See another take I disagree with is that the main cast had to die for the story to be interesting or impactful. Personally I wouldn't have enjoyed any of the deaths in that spoiler tag at all, and losing those characters in those ways more than likely would have tanked my own enjoyment of the story.
Death isn't the be all end all negative consequence and I don't think it's at all necessary to tell a good story. I mean don't get me wrong, I don't think Endwalker was spectacular or anything, but I still enjoyed it for what it was. But then I also don't mind a cheesy cliche if it's entertaining, and for me the UT story was.
I don't agree with the general calls that someone should die for the sake of some arbitrary quota of meaningfulness, or because they've finished their story arc, but for those specific story events it absolutely would have been appropriate for those characters to die in those situations and it would have been a good story point.
For all that I like G'raha and it's nice that he's still with us, pre-5.3 he was so heavily waving the death flag that i was all steeled to bid him farewell and have a good cry over a well-earned death scene in a story with running themes of the impermanence of life... and then he didn't die, and I still have mixed feelings over that.
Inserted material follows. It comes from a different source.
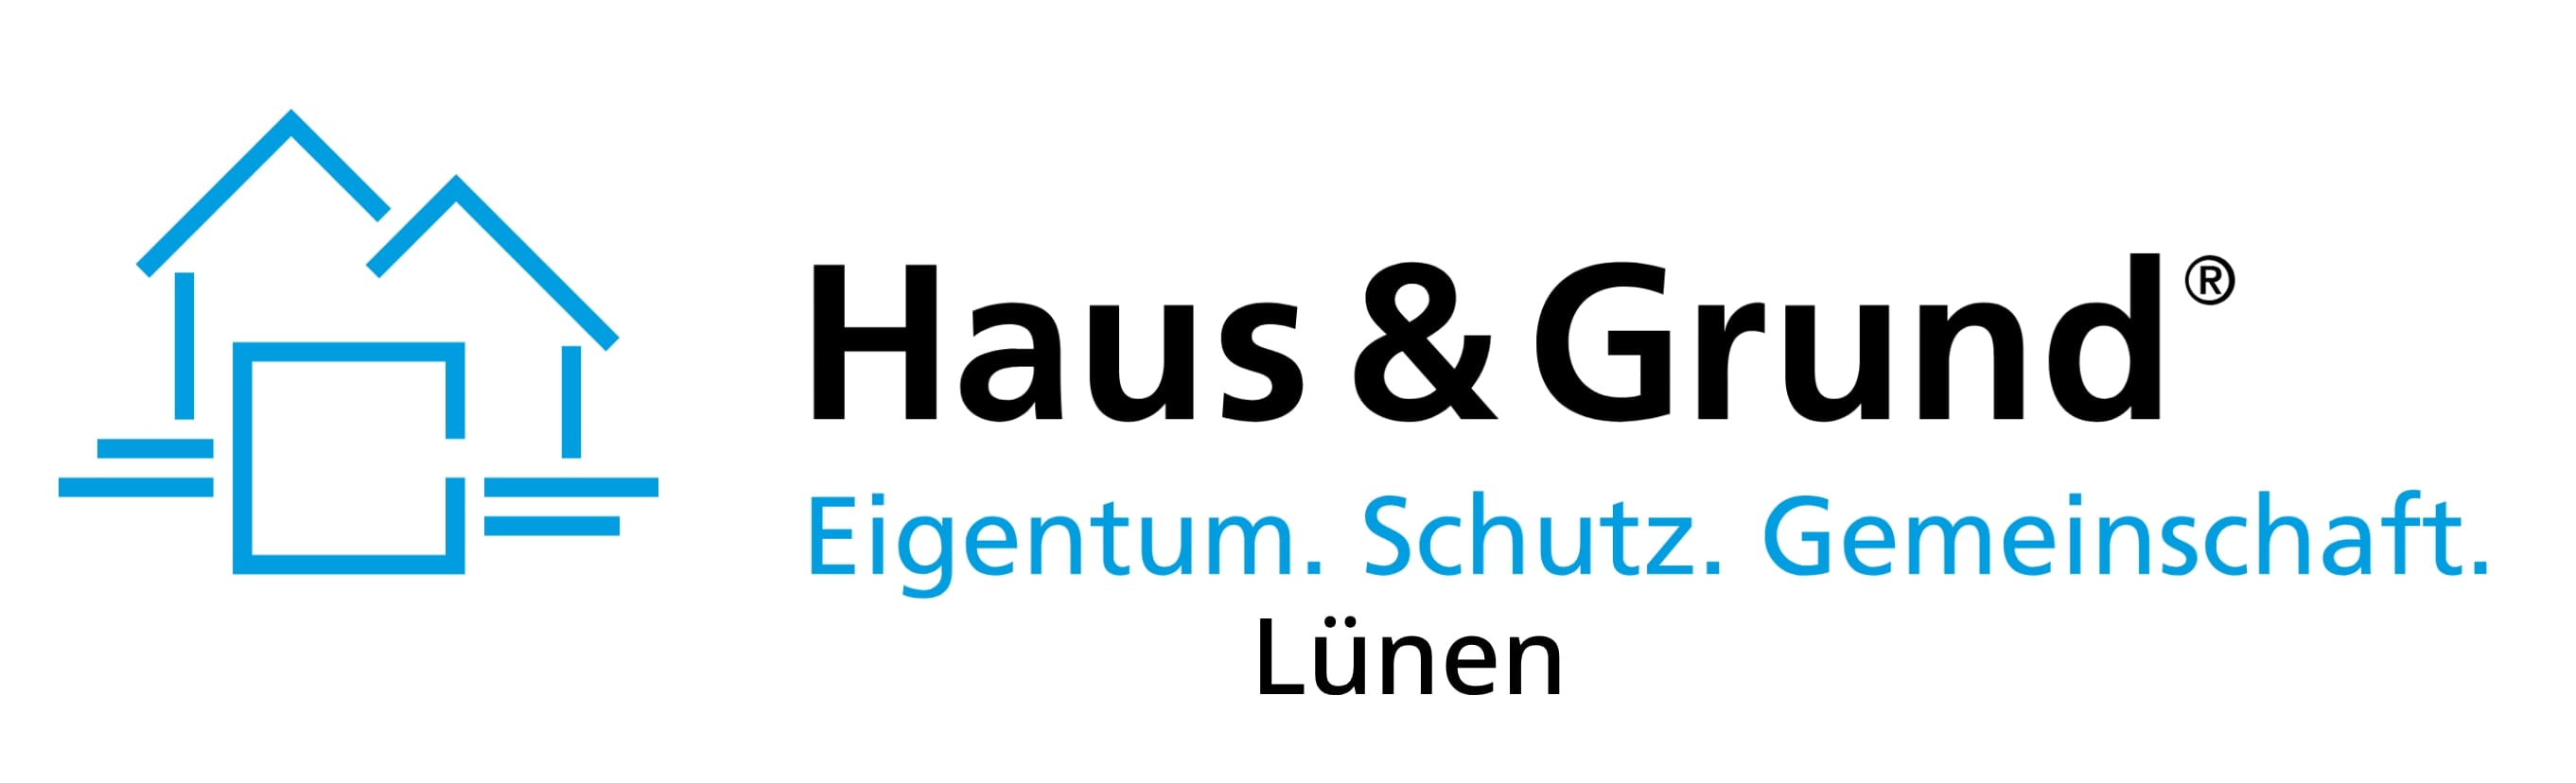 Haus & Grund logo

From the characters' perspective, it's a happy thing that he survived; from a story theme perspective, I don't think it was really the best narrative outcome. (But he's here now, and he's a lovable dork, so no use fretting over it.)
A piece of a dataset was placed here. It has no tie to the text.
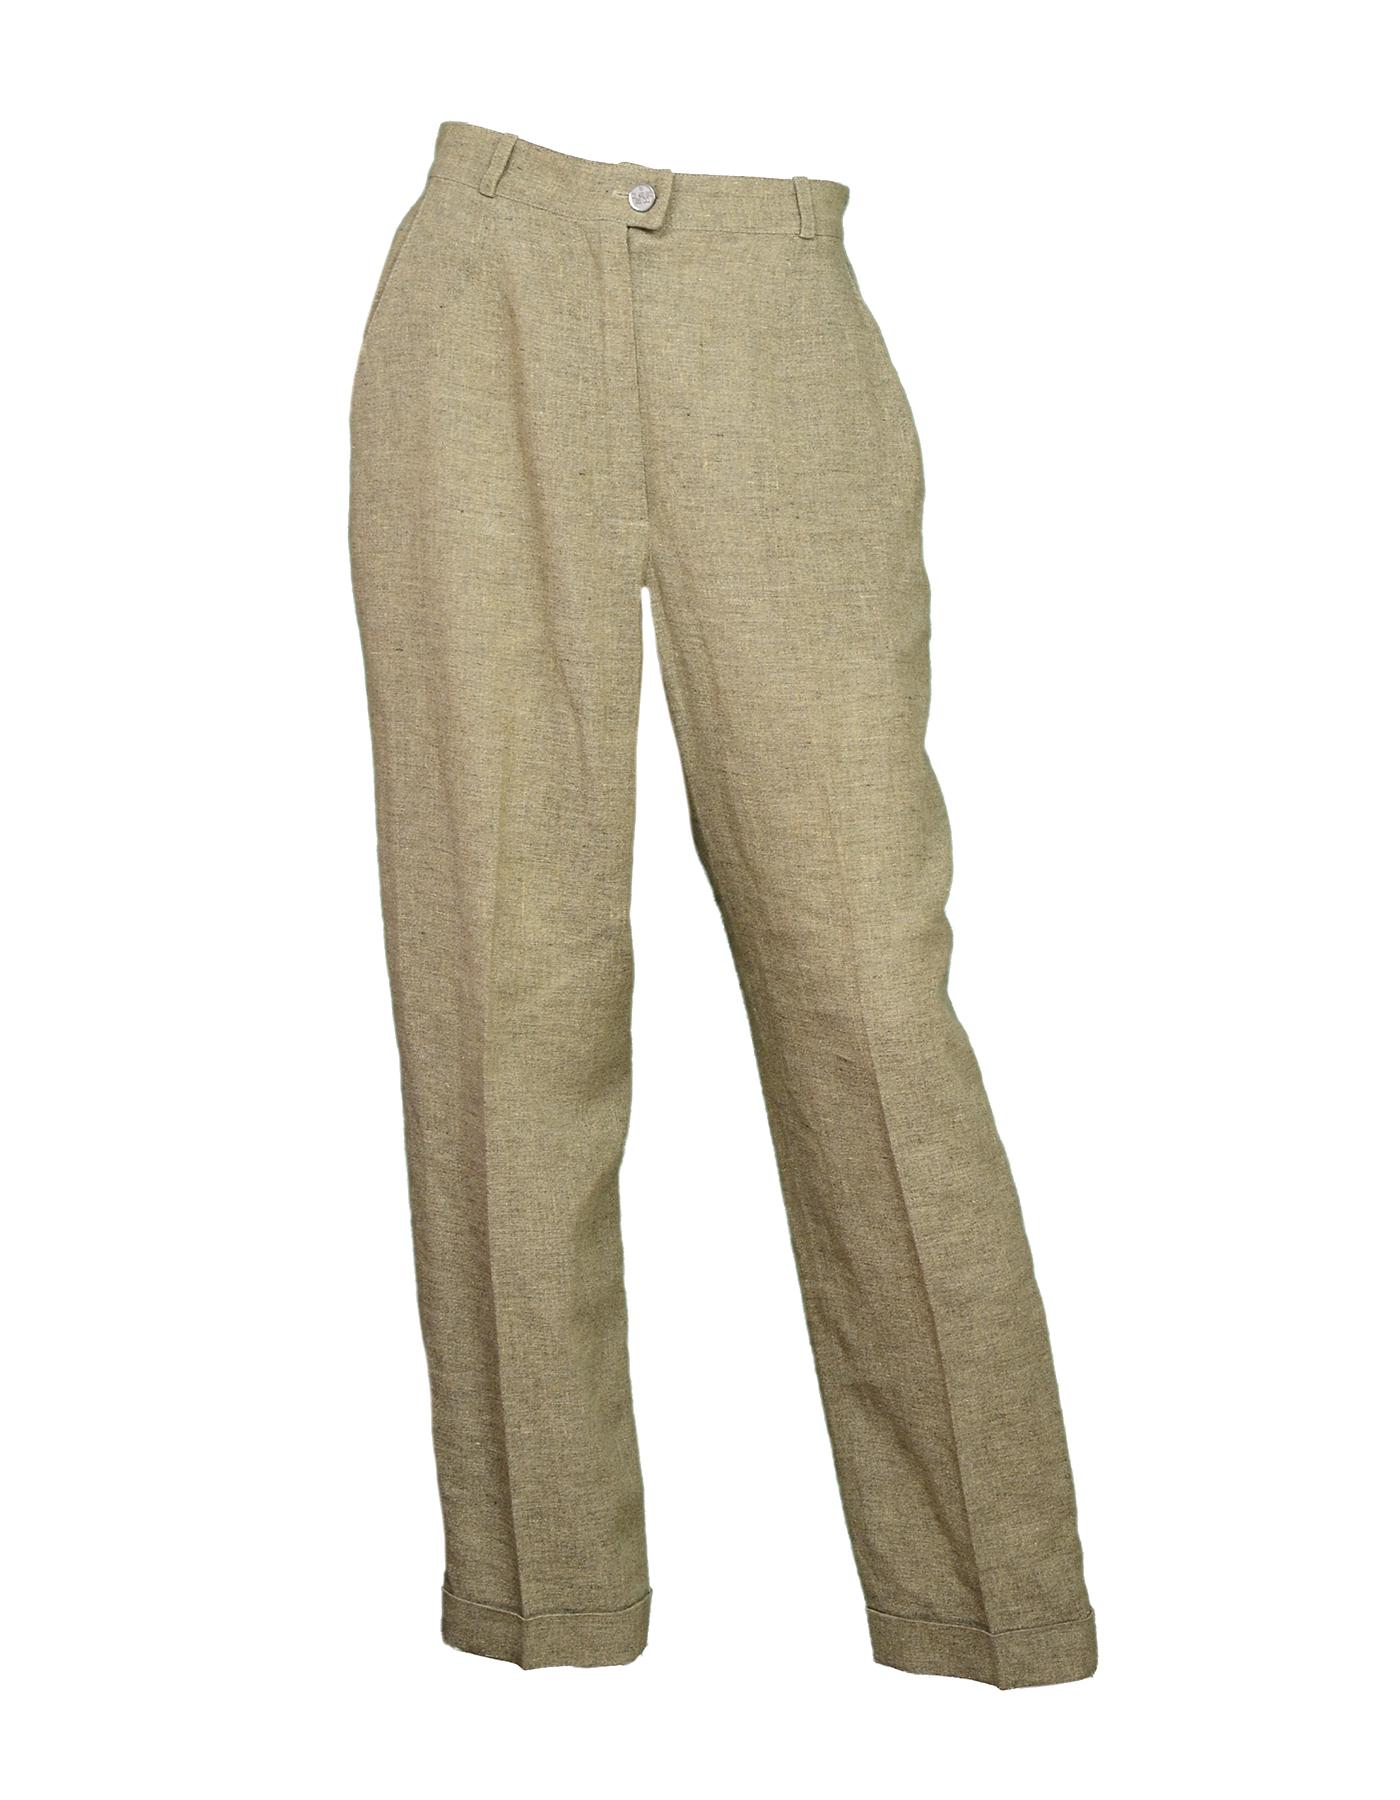 Women's Chanel Beige Linen Jacket/Pant Suit Set Sz 40

Done right, at the right time (that being very sparingly, and not sacrificing regular cast members once per expansion), character death can be a really good thing and an ongoing rallying point for fans to remember the character fondly, and as an ongoing plot point in the story itself.
I agree that a portion of the fanbase might not take it well – I might not have once upon a time either, but I think that has changed with maturity, and perhaps it is experiencing more of those plots that teaches you to appreciate them. If the Exarch had died it would be sad but in a bittersweet way and he was, ultimately, an old man who had lived through a lot and seen all his lifelong goals come to fruition, and somehow the story needed to resolve the fact that he was immortal and that was made out to be an undesirable thing in the long term.
I've said before – I think he should have truly died there even if they still wanted us to wake young G'raha up afterwards. Make him a separate character and not a continuation of the Exarch. Pass along his memories, but not his soul.
I do think the writers are spooked by the thought that some of the fandom might be "sad" if characters die. I recall them implying in an interview that they had considered another ending for 5.3 but wanted to give us a happy one since the real world had been rather miserable of late with the pandemic and everything. Though oddly, contradictorily, the sadder ending might have been the more enjoyable one for me.
All that said, there aren't any points in Endwalker's narrative as it stands that feel like any one person should have rightfully died. I think for what was going on in Ultima it really has to be all of them or none of them surviving in the end, not just one somehow arbitrarily failing to reconstitute. Though instead we get Hades and Hyth at long last getting the voluntary "return to the star" that their race views as a good death at the end of achieving their goals.
Yep, I'd say Thancred is probably the most tolerable one to me - his looks don't hurt, either. Followed by Estinien and sometimes Urianger and Y'shtola (mainly during SHB tbh... she at least made an effort to understand Emet-Selch.) But there's not one of them I'd be particularly sad to see die at this point... though that is with the caveat of whatever were to replace them being better.